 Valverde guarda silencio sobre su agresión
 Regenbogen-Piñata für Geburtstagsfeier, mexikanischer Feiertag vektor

━━━━━━━━━━━━━━━━━━━━━━━━━━━━━━

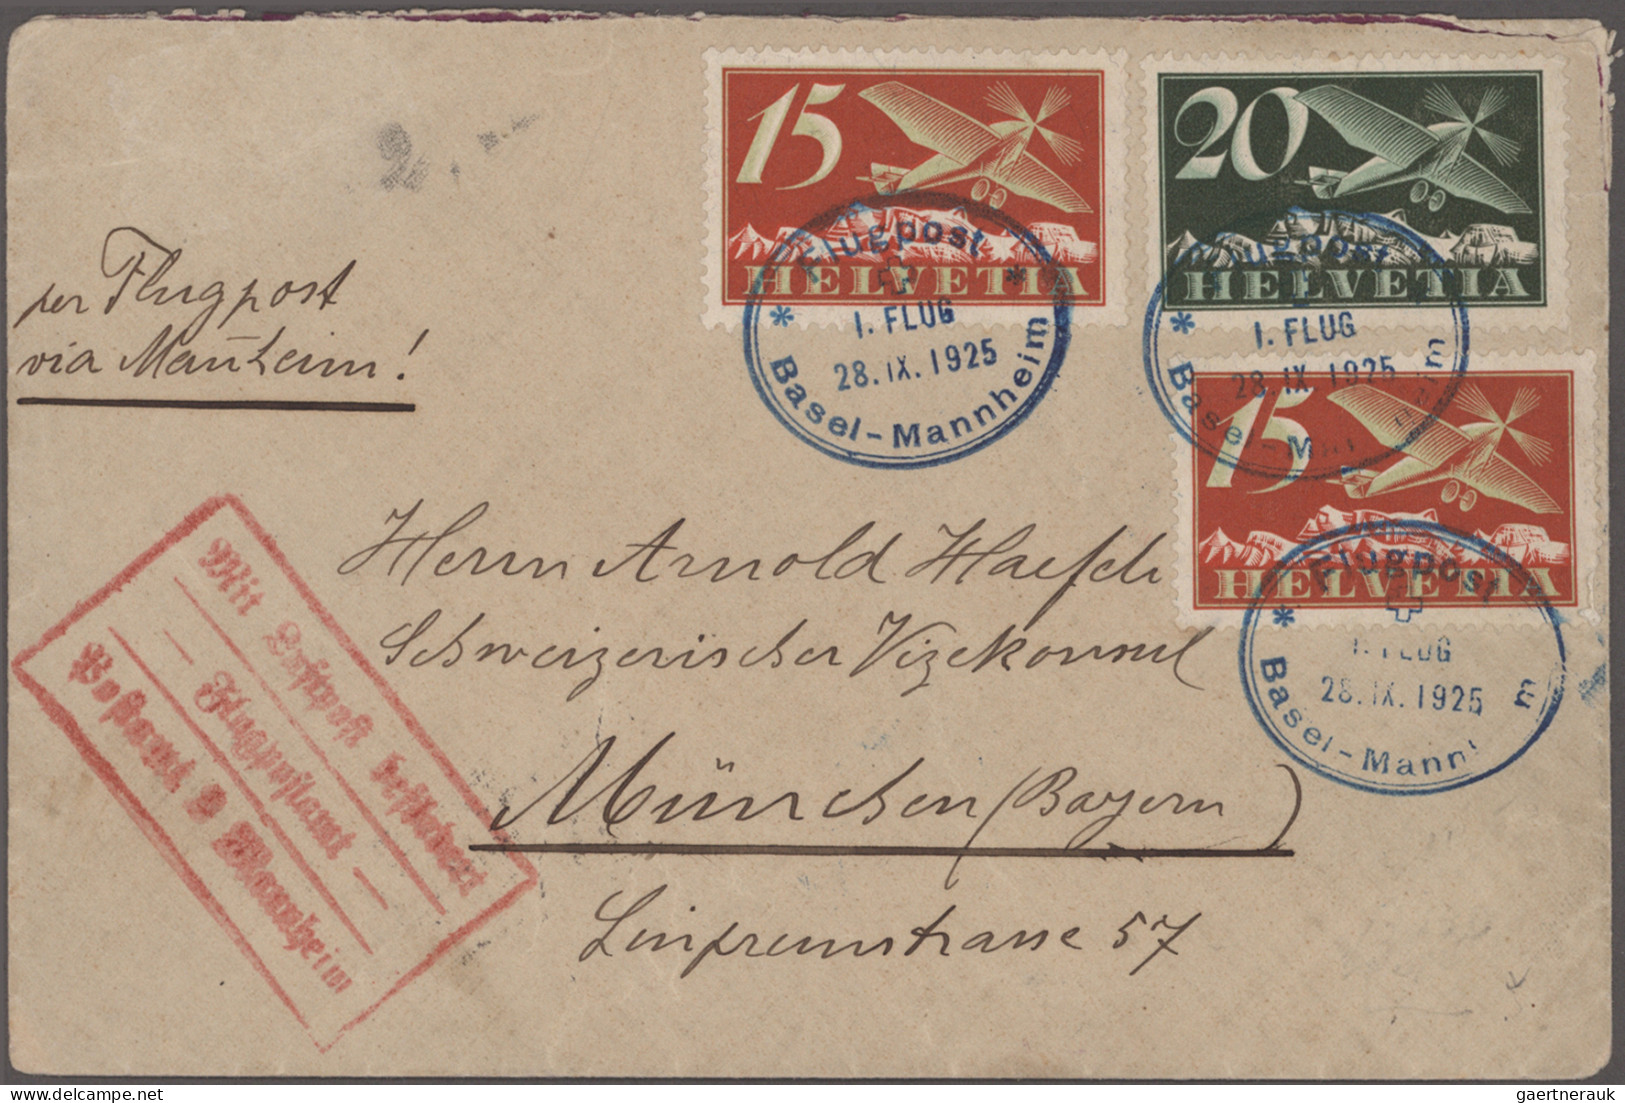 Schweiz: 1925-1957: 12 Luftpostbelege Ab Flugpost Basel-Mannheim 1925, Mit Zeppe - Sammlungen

━━━━━━━━━━━━━━━━━━━━━━━━━━━━━━

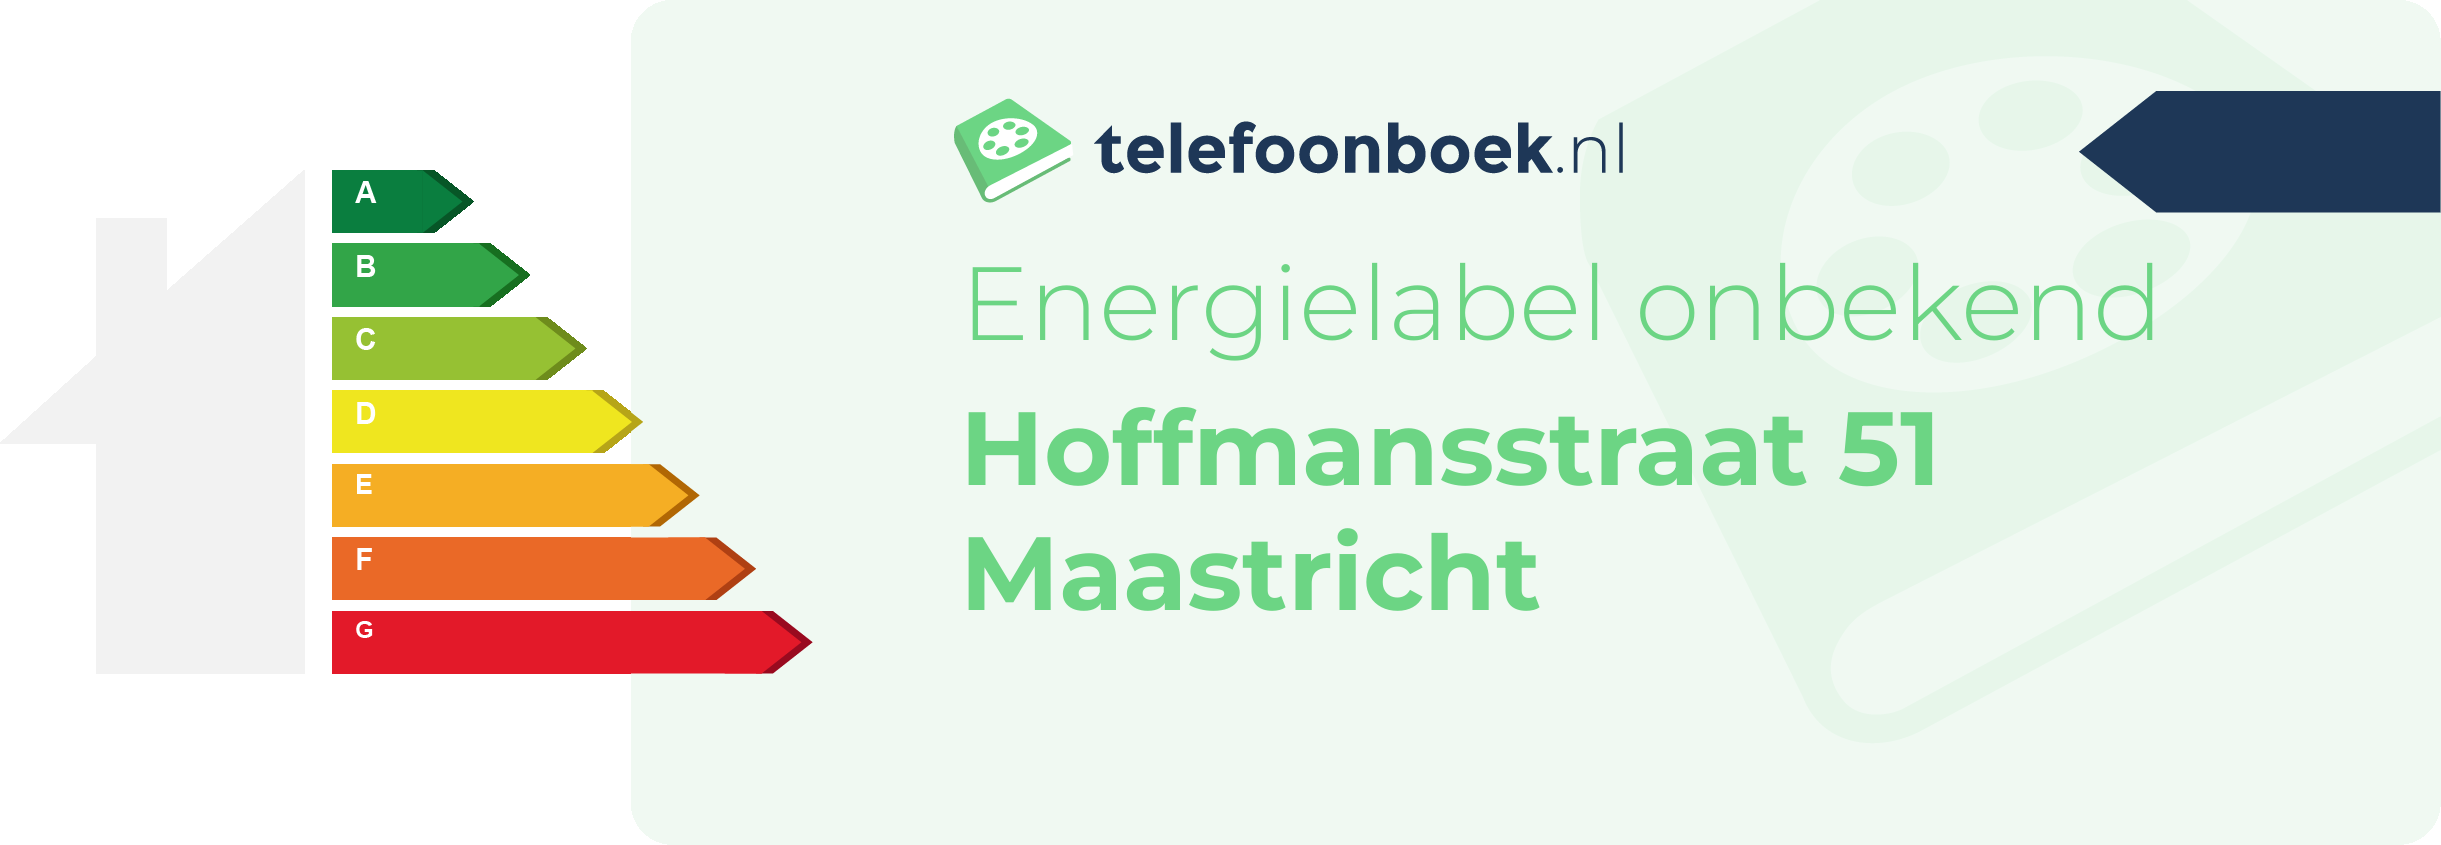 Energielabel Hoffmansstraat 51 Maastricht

━━━━━━━━━━━━━━━━━━━━━━━━━━━━━━

▶ **ACTIVITY**
Give back exactly the lines of the listing above that run from the line with "Valverde guarda silencio sobre su agresión" to the line with "Regenbogen-Piñata für Geburtstagsfeier, mexikanischer", inclusive.

▶ **FINISHED TASK**
 Valverde guarda silencio sobre su agresión
 Regenbogen-Piñata für Geburtstagsfeier, mexikanischer Feiertag vektor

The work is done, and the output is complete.